Because the root of it is a joy—one is tempted to say elevation—in the presence of beauty, and in beautiful things. Look at one of Peterson’s bird guides again, especially his paintings.They’re a wonderful technical tool, precise and pragmatic in its detail for field identification, for describing the birds. That’s what makes them an indispensable reference guide. But what makes them genuinely fascinating to browse through is the sheer joie de vivre in each painting of a bird; Peterson didn’t just draw with a trained scientific eye, he drew with an almost childish delight—enthusiastic astonishment at the quirky, individual beauty of each bird.

It’s this simple, aesthetic delight in fairy tales which I believe should be both the start and the end of any study of fairy tales. Certainly it’s the be all and end all of any task of retelling or creating fairy tales. What’s needed for the student of fairy tale, whether as a critic or an artist of all kinds, is a curiosity and delight in the aesthetic of fairy tales. What’s needed, ultimately, is a keen sense of wonder.

Reader Comments

  1. Well, you know, I should like very much to leave a lengthy and learned commentary on this.

    However, as both a keen birder and a dedicated storyographer, I can only say that I concur with your thesis.

    I used to know a fairly well-respected ceremonial magician (I am aware that is a little unusual)and his answer to the often asked question, “But why do you do it?” was always, “Because it does no harm and I thoroughly enjoy it.” That, to me, is a good answer.

    I like to say that fairy tales and folk tales are very current, quite the latest thing, in fact.

    When telling, or listening to or reading a folk tale you should now that it is very much an art of the present tense. What could be more real, immediate and modern indeed, than a story right now vibrating in the air around you, touching your ears and sparking visions, thoughts, feelings in your soul? And if you enjoy it, all the better.

    I do also enjoy the dusty scholar’s great endeavour to catch and hold this ephemeral, living tradition, too. Such efforts have their place. Although I am a little partisan, as I have friends who make their living by it.

  2. Austin — Never fear, I don’t think the Spelling Police don’t patrol the area. 😉

    Thanks for your thoughts. If you are moved to write ‘a lengthy and learned commentary’, please do share the link.

    Agreed that the ‘dusty scholar’s great endeavour’ is important–vitally so, I think. Particularly when we’re talking about ethnographic research and folkloristics proper. And the sociopolitical historographic approach has yielded some really remarkable insights, especially in re Andersen and the Grimms and so on.

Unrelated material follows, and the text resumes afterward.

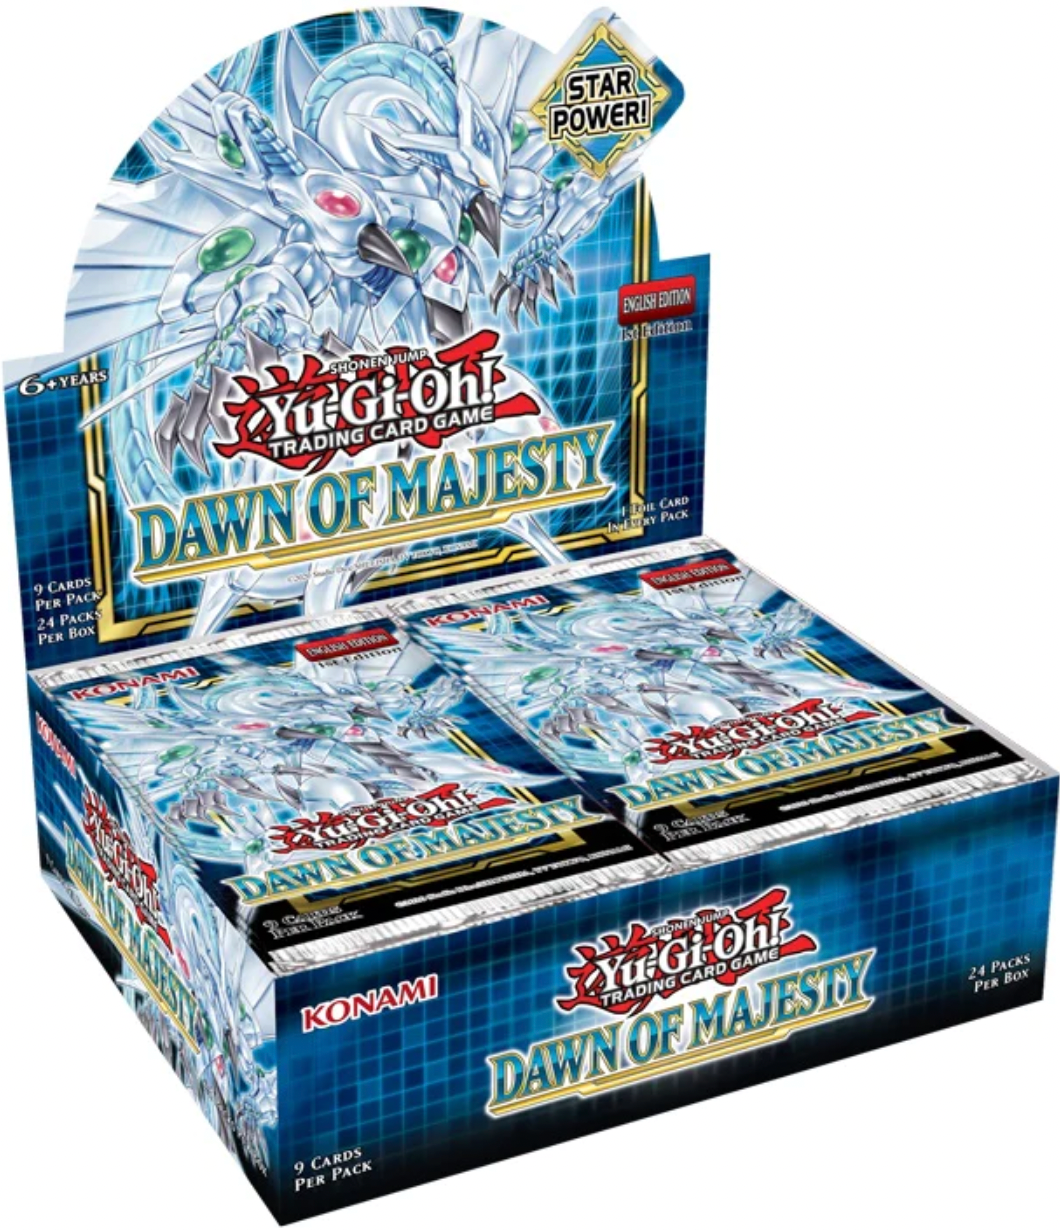 Dawn of Majesty Booster Boxes

    But part of what I’d like to see, what I do think is lacking, is renewed emphasis on the aesthetic and, if you will, poetics of the literary fairy tale, and folktales too although the forms are distinct.

    Max Lüthi did some very strong work on this but it isn’t really picked up, as the discipline turned another corner. Tolkien of course addressed it at length, but his argument was idiosyncratic and, again, hasn’t been developed that much except by JRRT fans.

    I’d love to see more serious academic consideration of fairy tale aesthetics, as well as care and work and discovery from the trenches–by writers and storytellers. there’s a lot of material and a lot of approaches but too often we restrict ourselves to that pragmatic channel, which can only take us so far.

    Personally, I think we’ve gone about as far as that channel will take us. We’re dealing with a living art form, as you say, and like anything else living there’s a lot more to it than its sociopolitical ideologies.

  3. A lovely post! Being an academic, I’m partial to the analyses of the meaning and personal/psychological importance of fairy tales, but am provoked to think further about your thesis.

    Speaking about aesthetic, it’s wonderful that you found a painting that incorporates both birds and fairies. What painting is it?

  4. Thanks, Carrie-Ann. I was pleased to find the image, too. It’s “Golden Autumn Fairy Tale” (1910) by Kazimierz Stabrowski. There’s rather a lot of birds in fairy tales, as it turns out.